The Masterpiece Life of Meredith Brooks Abbott

The Reigning Matriarch of Santa Barbara’s Plein Air Painting Scene

By Roger Durling | Photos by Ingrid Bostrom
May 14, 2024

Artist Meredith Brooks Abbott | Credit: Ingrid Bostrom

As I drive to Meredith Brooks Abbott’s 55-acre ranch in Rincon Canyon, I find myself thinking about the legendary painter Monet and the garden that he built in Giverny, south of Paris. The serenity of Giverny allowed Monet to shift away from the unruliness of painting outdoors and provided the master painter with a calm, comforting, and highly organized environment. Similarly, Brooks Abbott built herself a garden adjacent to the Victorian farmhouse dating from the 1870s that she shares with her husband, Duncan. She dug a pond in it and placed her studio near the main house. From the threshold of her artistic quarters, you can study the interplay of water, sky, and light — allowing you to focus on the imminence of the experience.

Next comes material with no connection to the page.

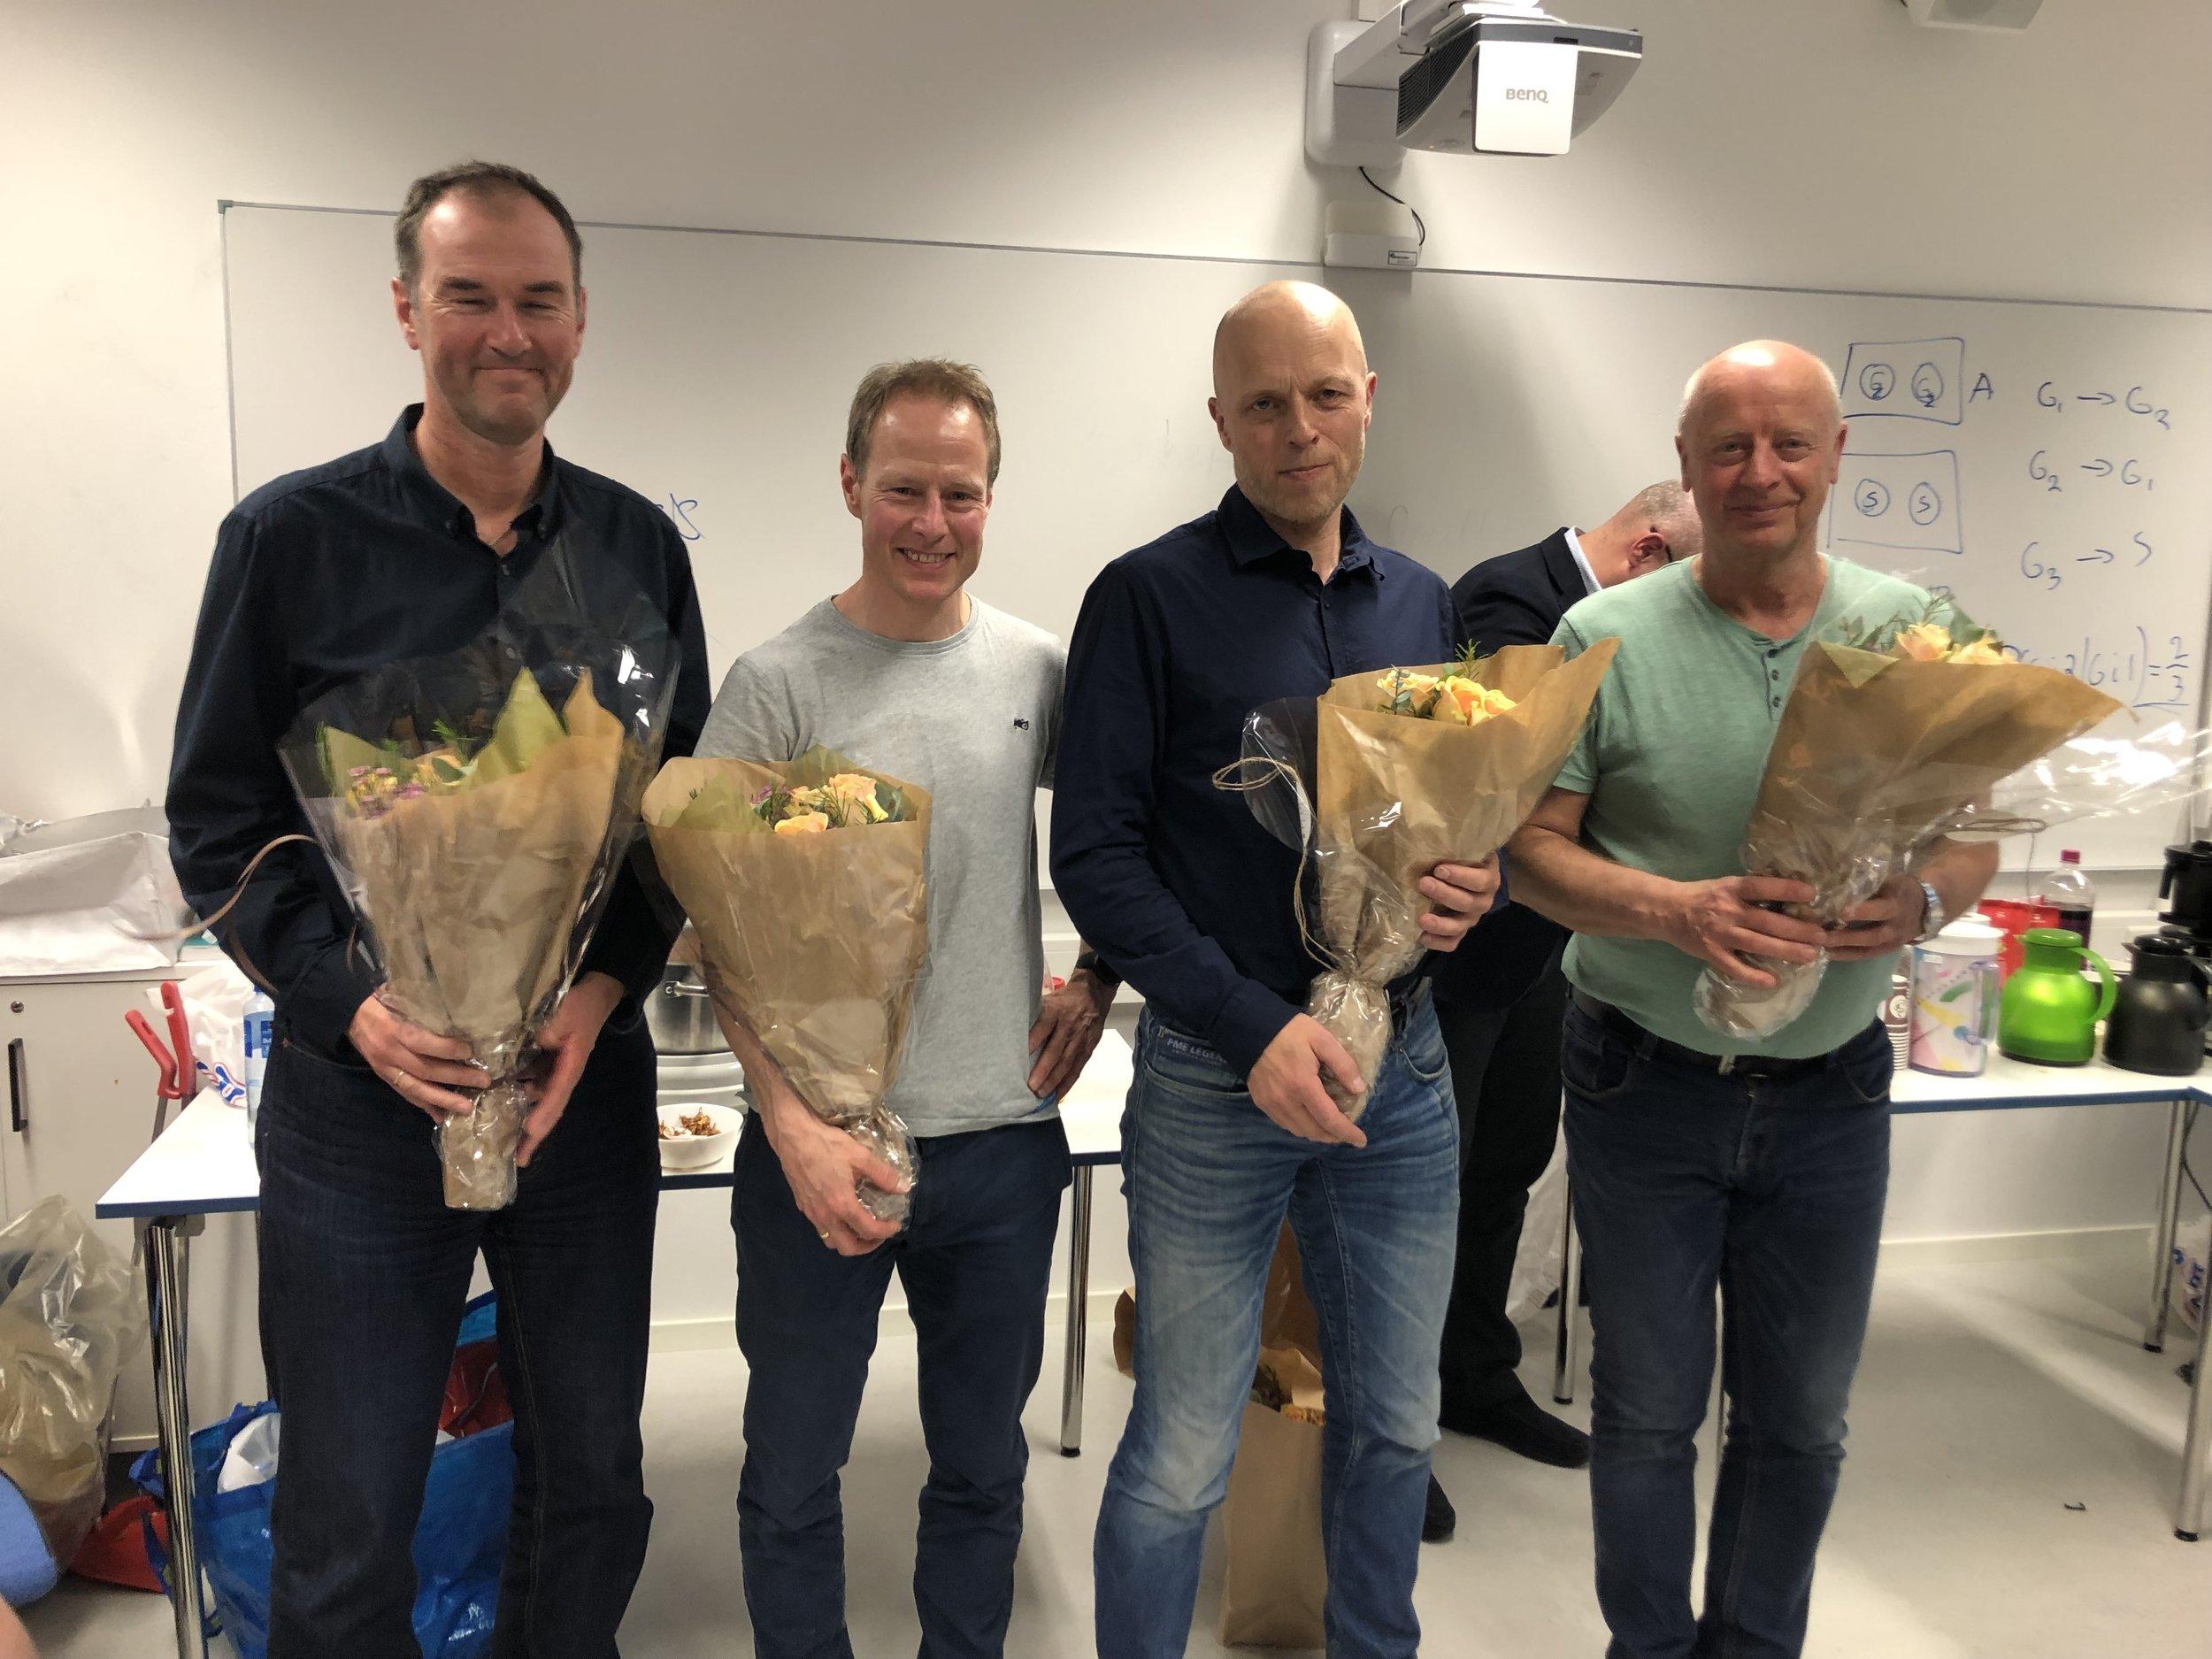 Fornøyde trenere med blomsterbuketter: Carl Erk Sando, Petter Andersen, Ivar Njøs og Amund Sjøbrend.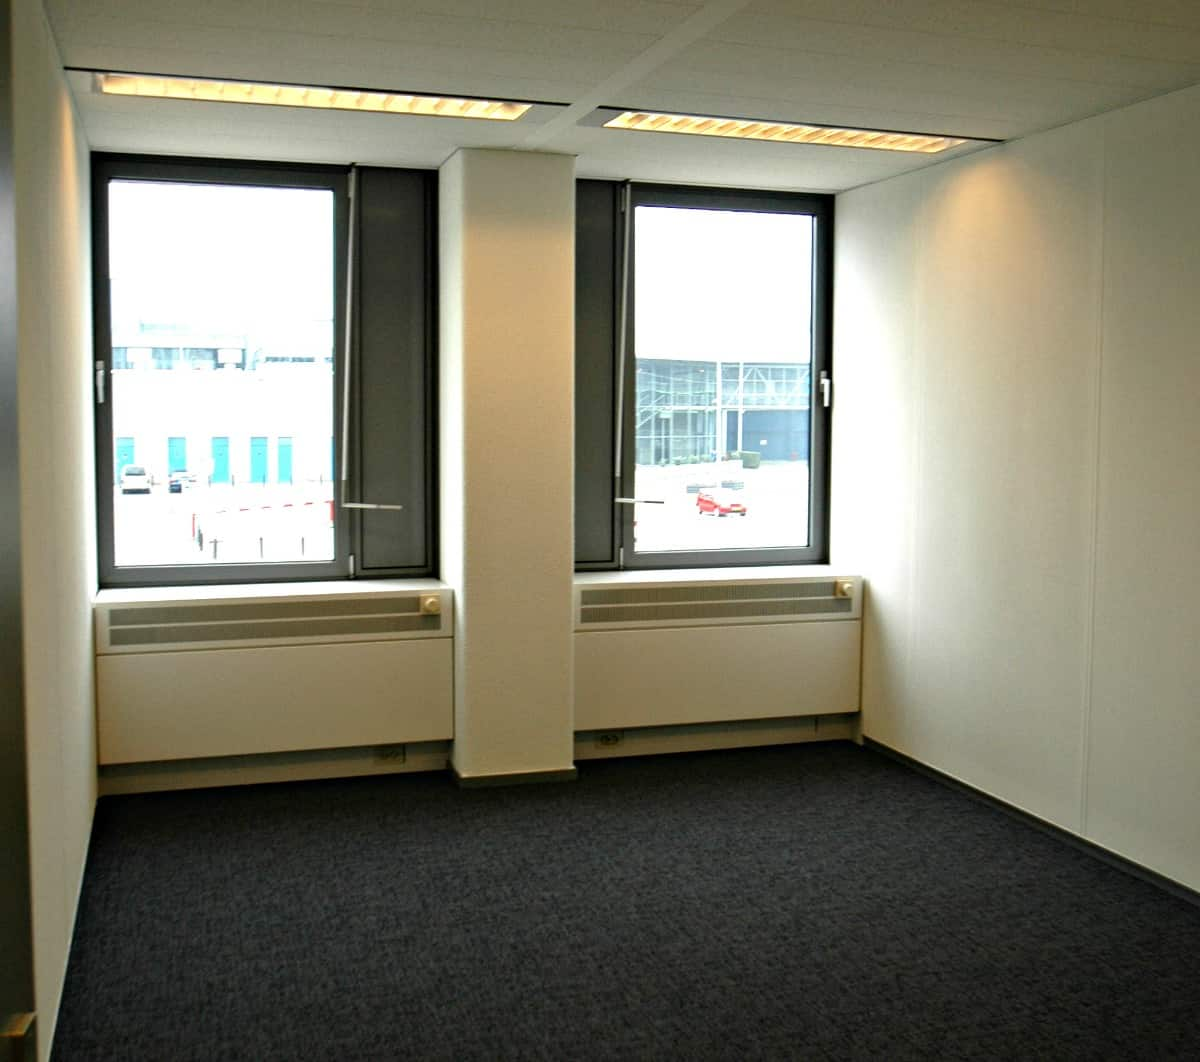 flexibele kantoorruimte werkplek maastricht huren

Inside the studio of Meredith Brooks Abbott | Credit: Ingrid Bostrom

Her garden blends effortlessly with the surrounding natural vegetation of the Carpinteria Valley — and Meredith seems to have organized the color palette in its flora — creating an intimate, personal landscape of her own. I couldn’t help but assess that her home, her meticulous garden, and her studio form a “living laboratory,” where one of Santa Barbara’s most respected artists has honed her inimitable oeuvre while also raising her beautiful family of both ranchers and artists. Her farmstead has become integral to her remarkable artistic career, and at the same time, it has breathed purpose into her life. 

“I once wrote that as a farmer gathers sustenance for the body,” fellow painter Arturo Tello tells me, “the landscape painter gathers food for the soul. Meredith lives that line. Her idyllic farmhouse, with orchards, gardens, chickens, koi pond, and a detached north-light studio heated by a wood stove, is an authentic, in-tune-with-nature existence that feeds her work directly.”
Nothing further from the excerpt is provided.